» Prompt: Exactly the lines from the one holding "039015182d Phoebe Leather" through the end of the material below must be printed, nothing more, and the pictures must be dropped.

» Information provided:
=====
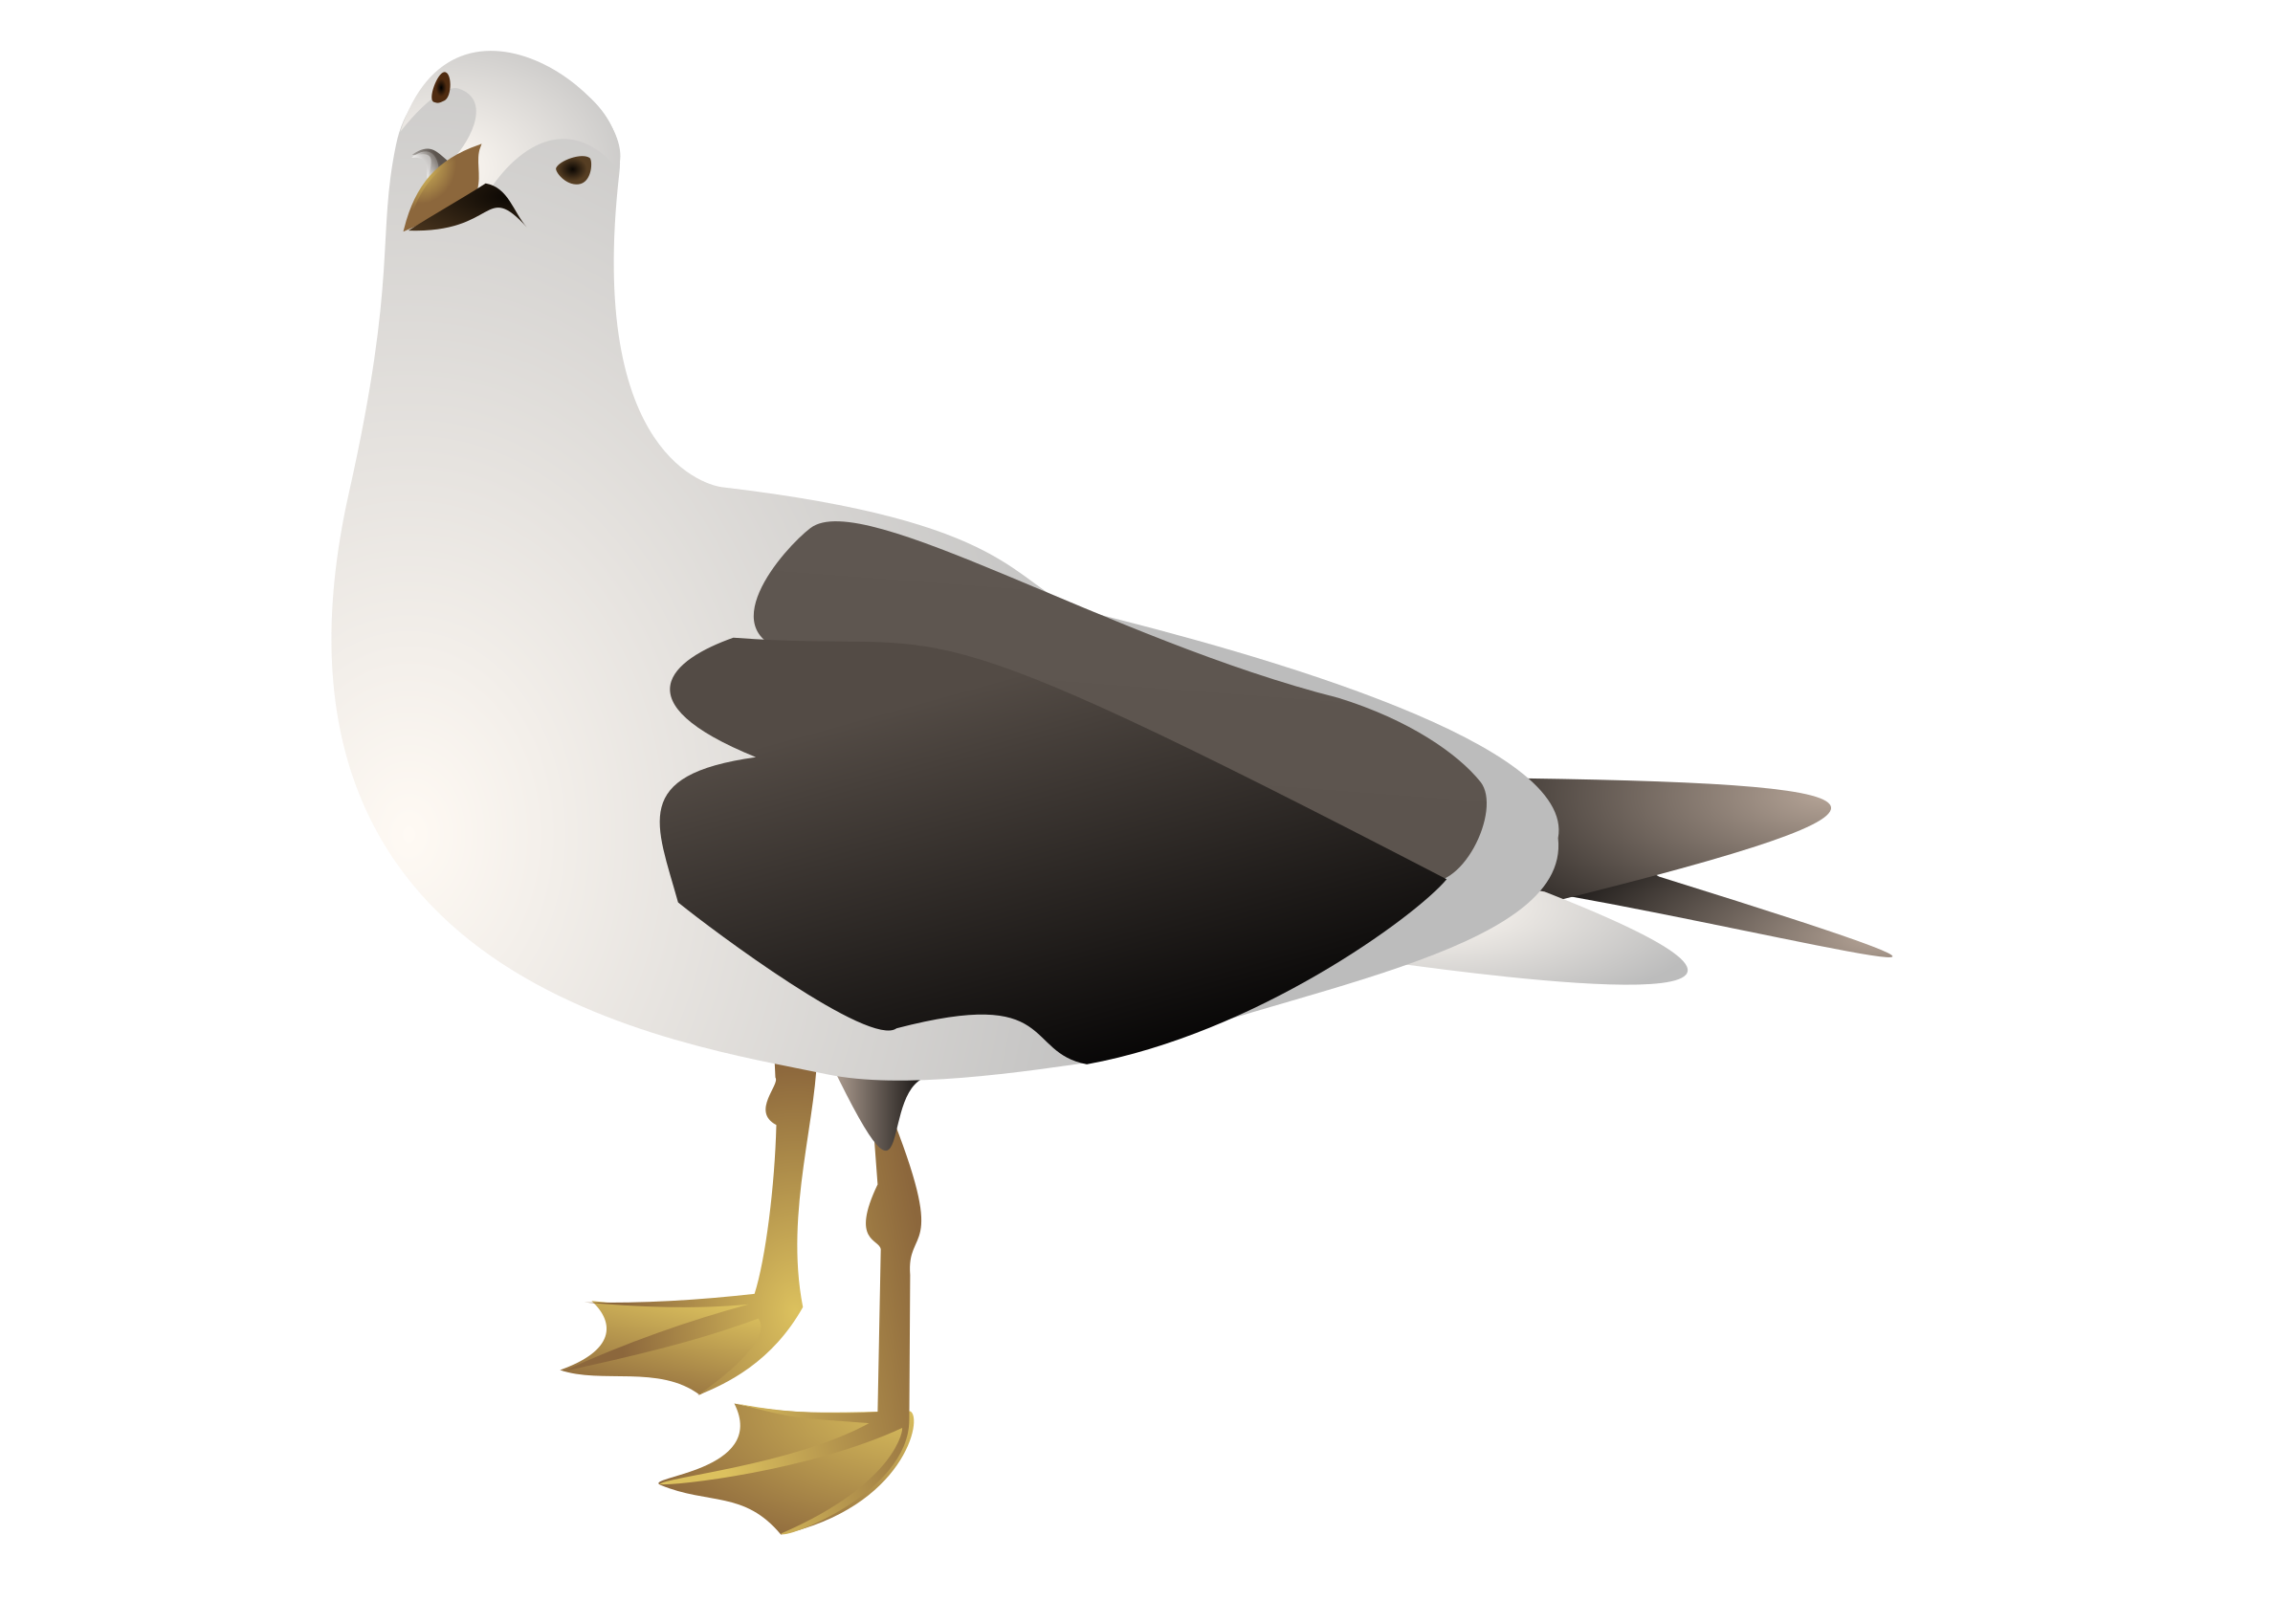 Clipart seagull
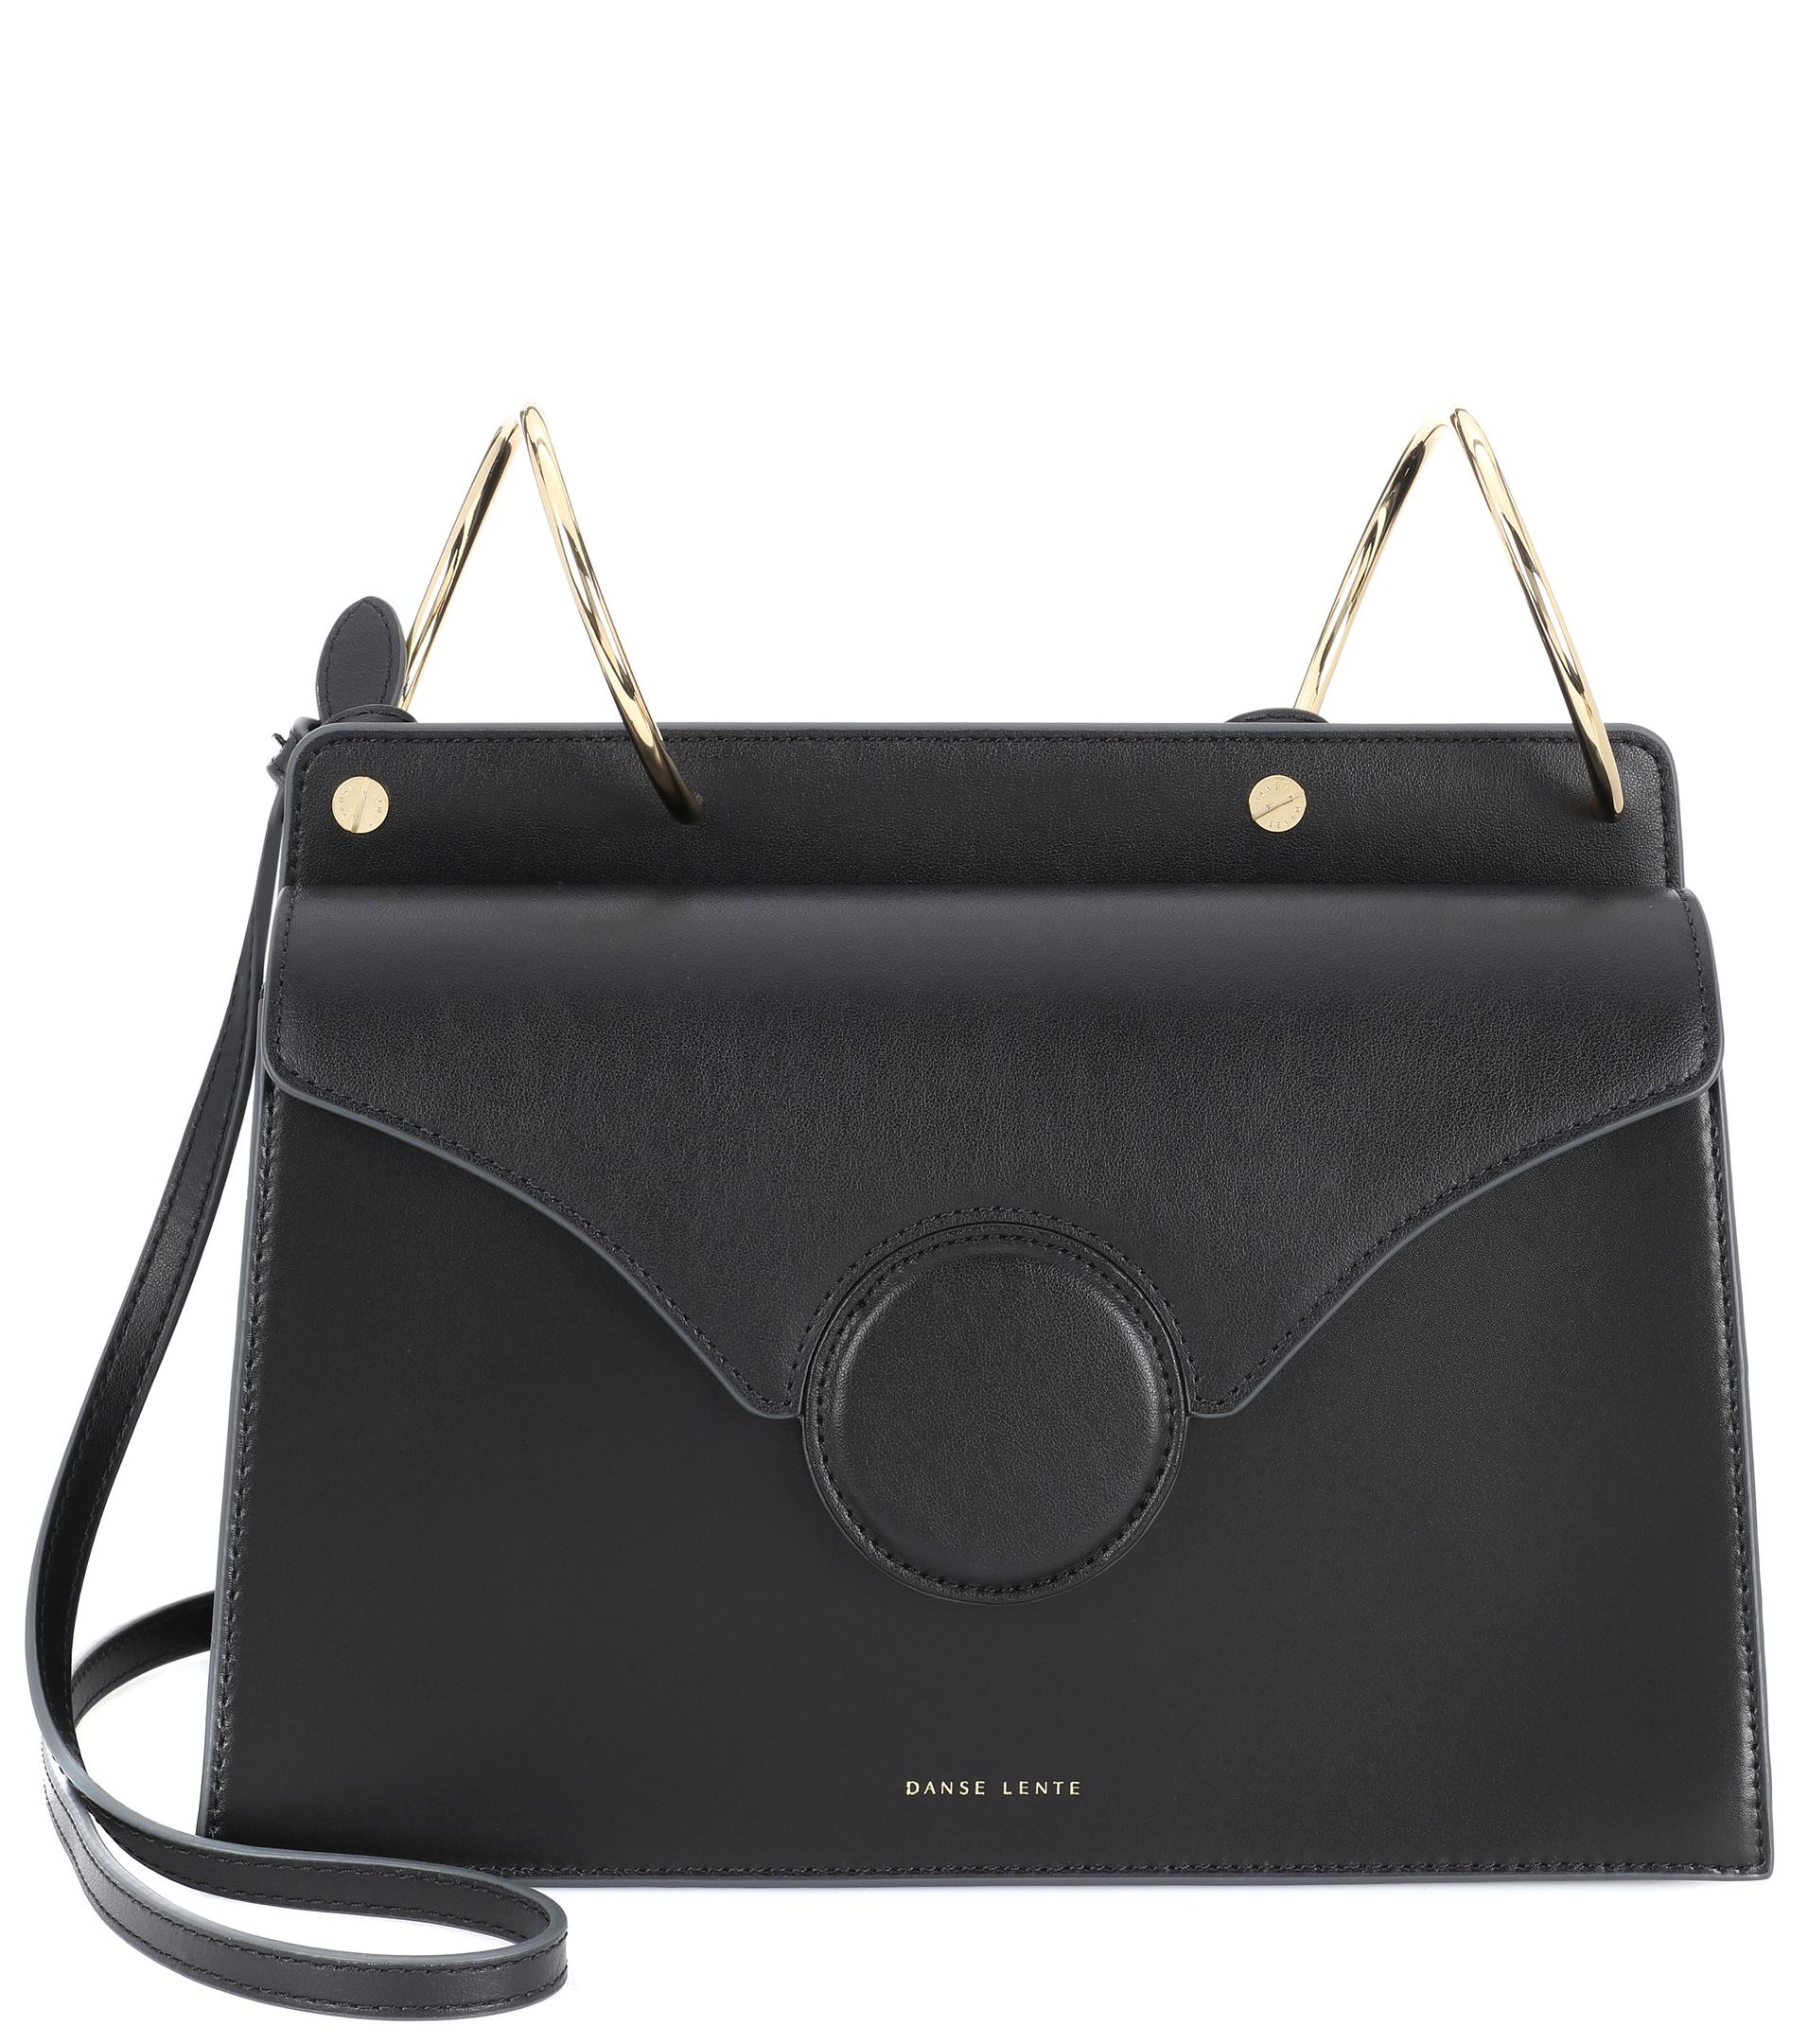 039015182d Phoebe Leather Shoulder Bag – Lyst. View fullscreen
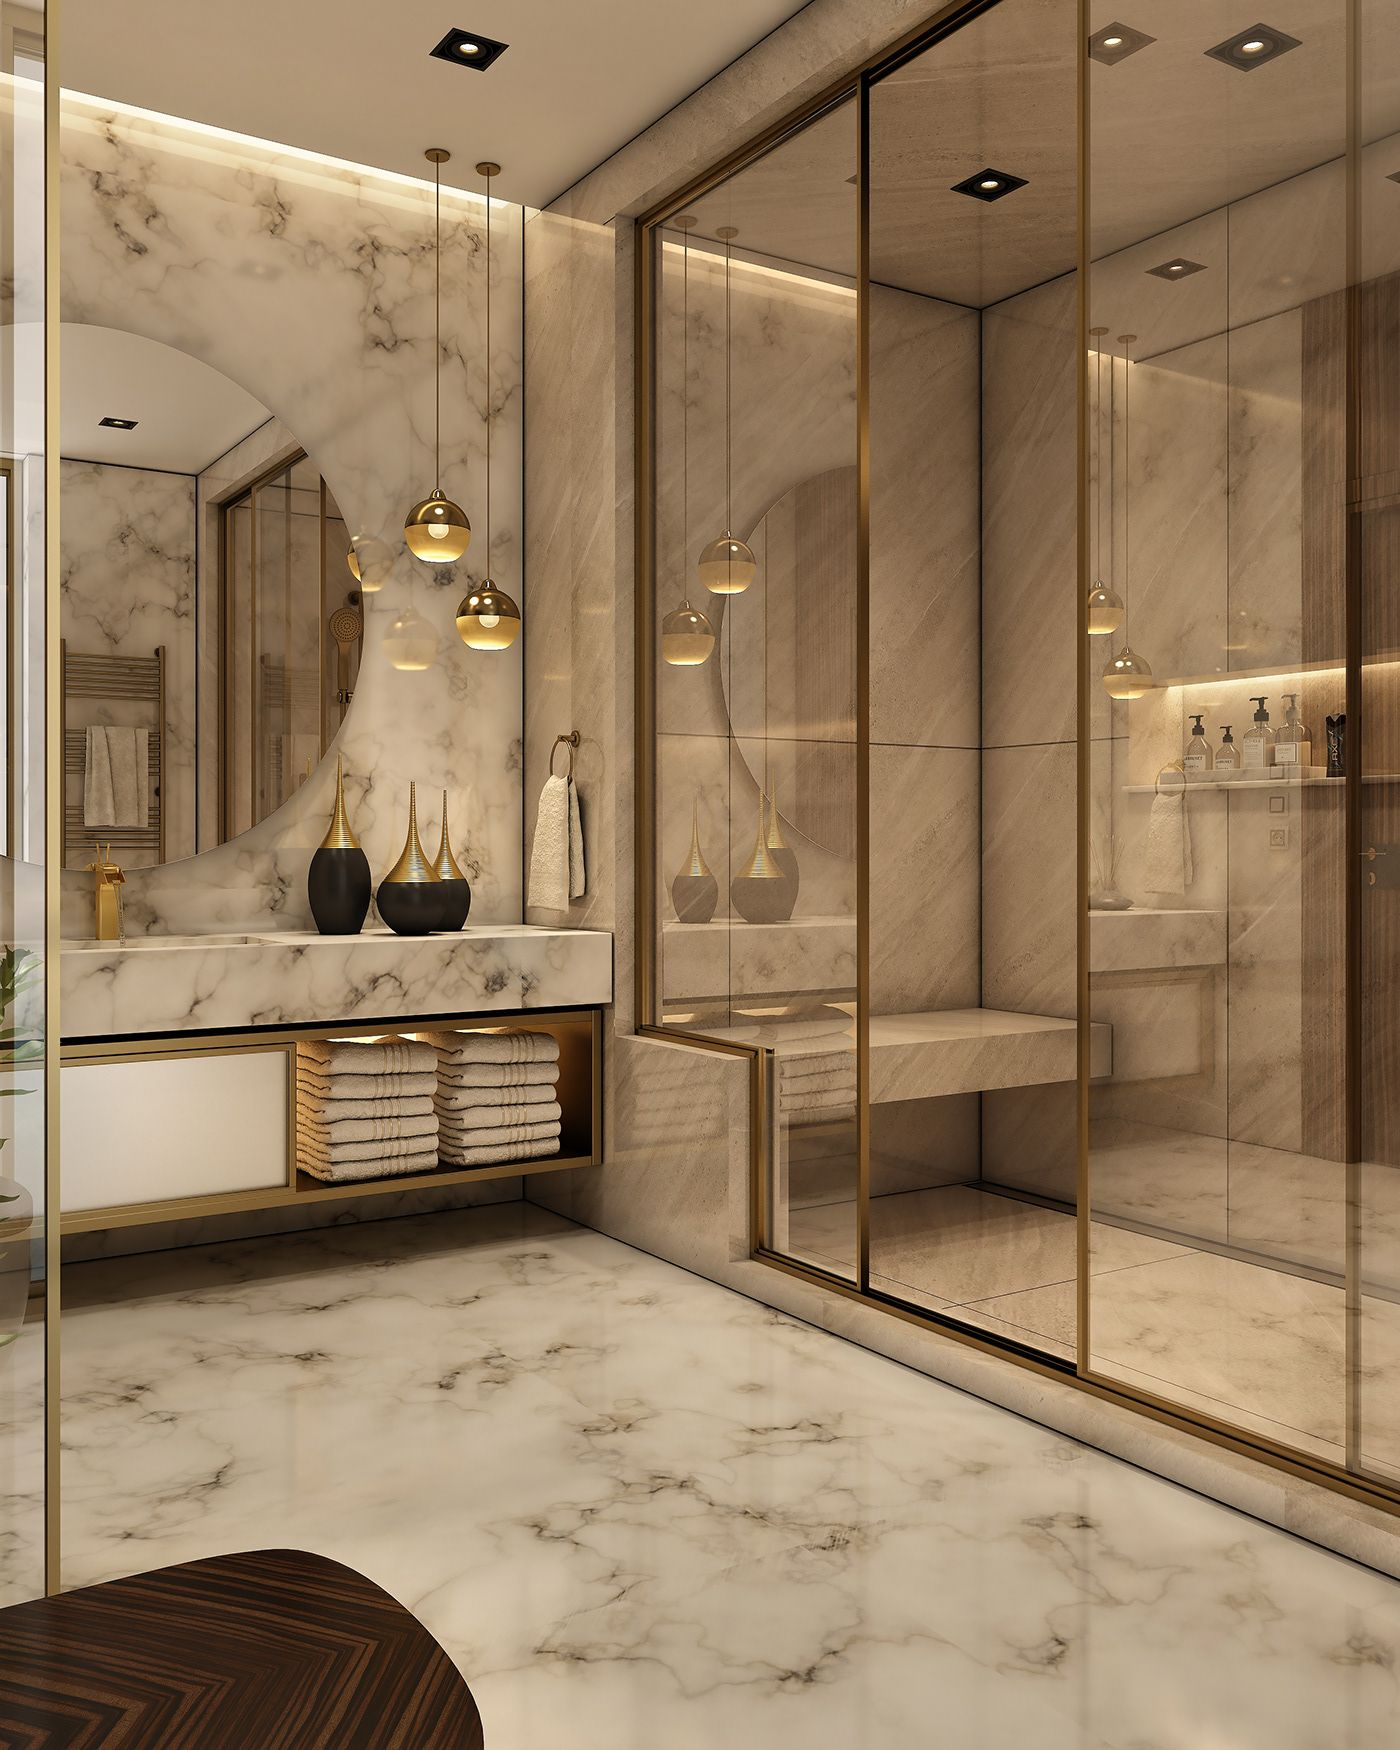 Luxurious Bathroom on Behance  Home in 2019  Home Decor
=====
» Reply to the task:
 039015182d Phoebe Leather Shoulder Bag – Lyst. View fullscreen
 Luxurious Bathroom on Behance  Home in 2019  Home Decor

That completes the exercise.